Supplied information:
##########
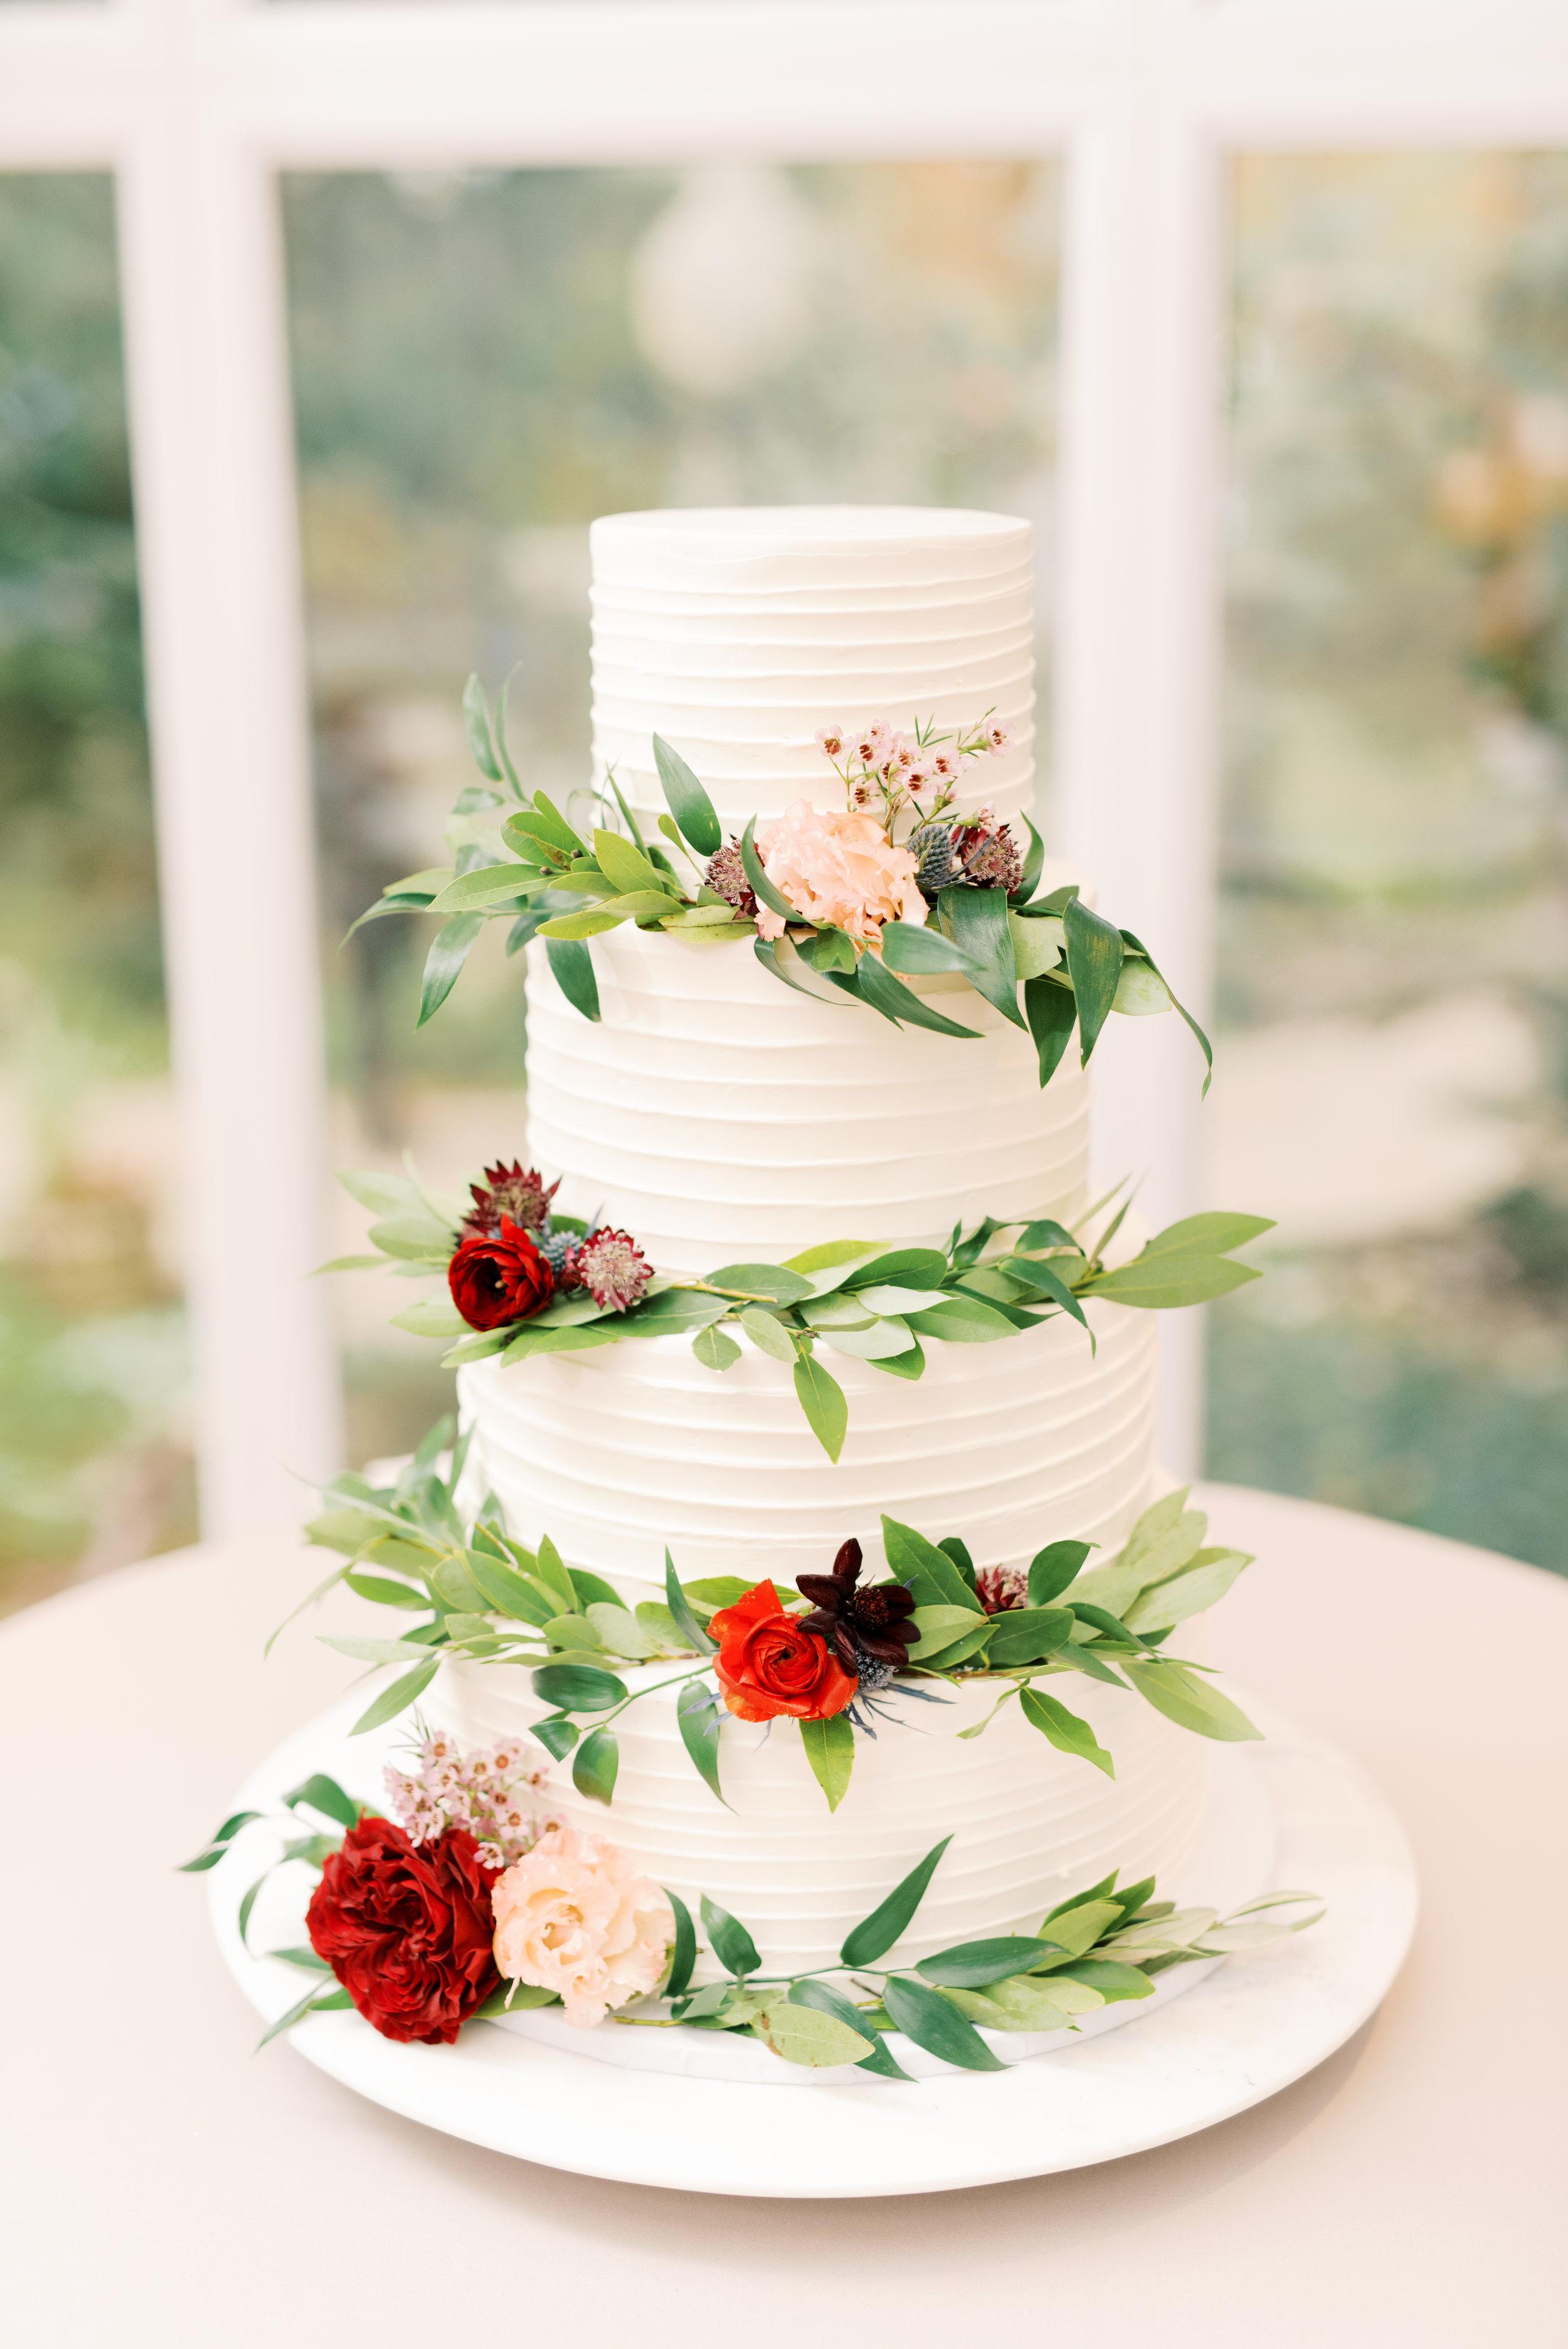 haley-richter-photography-october-pomme-wedding-in-radnor-073.jpg
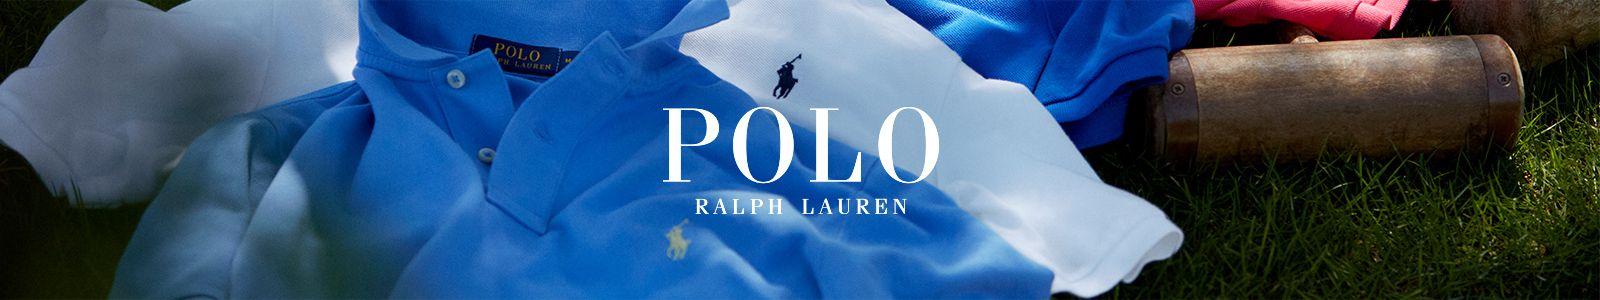 Polo, Ralph Lauren
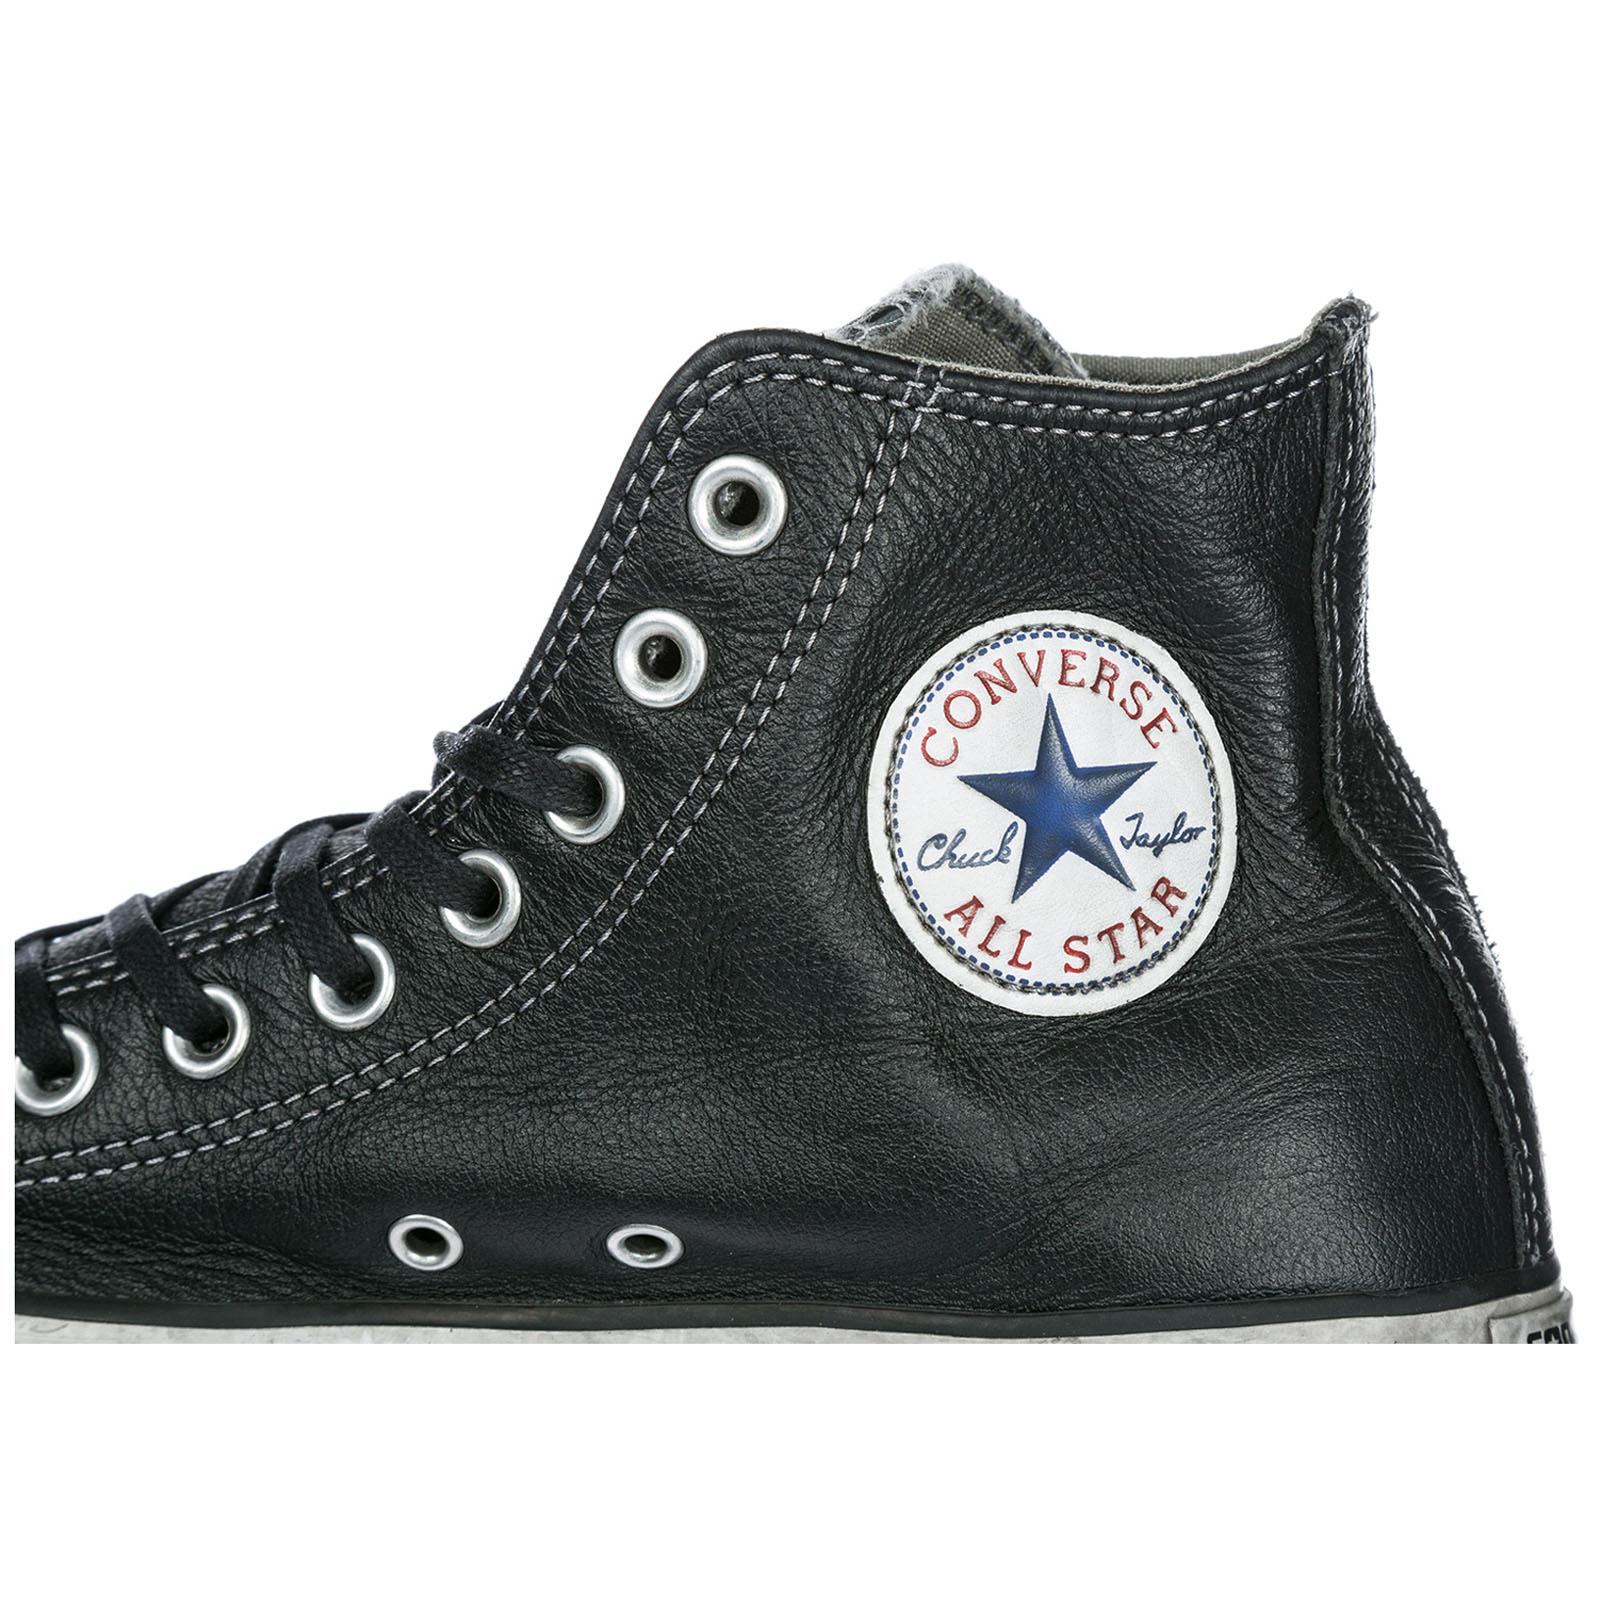 ... Chaussures baskets sneakers hautes homme en cuir limited edition 00ec4b00a1e
##########
About this exercise: Return every line above exactly, omitting images.

Problem solution:
 haley-richter-photography-october-pomme-wedding-in-radnor-073.jpg
 Polo, Ralph Lauren
 ... Chaussures baskets sneakers hautes homme en cuir limited edition 00ec4b00a1e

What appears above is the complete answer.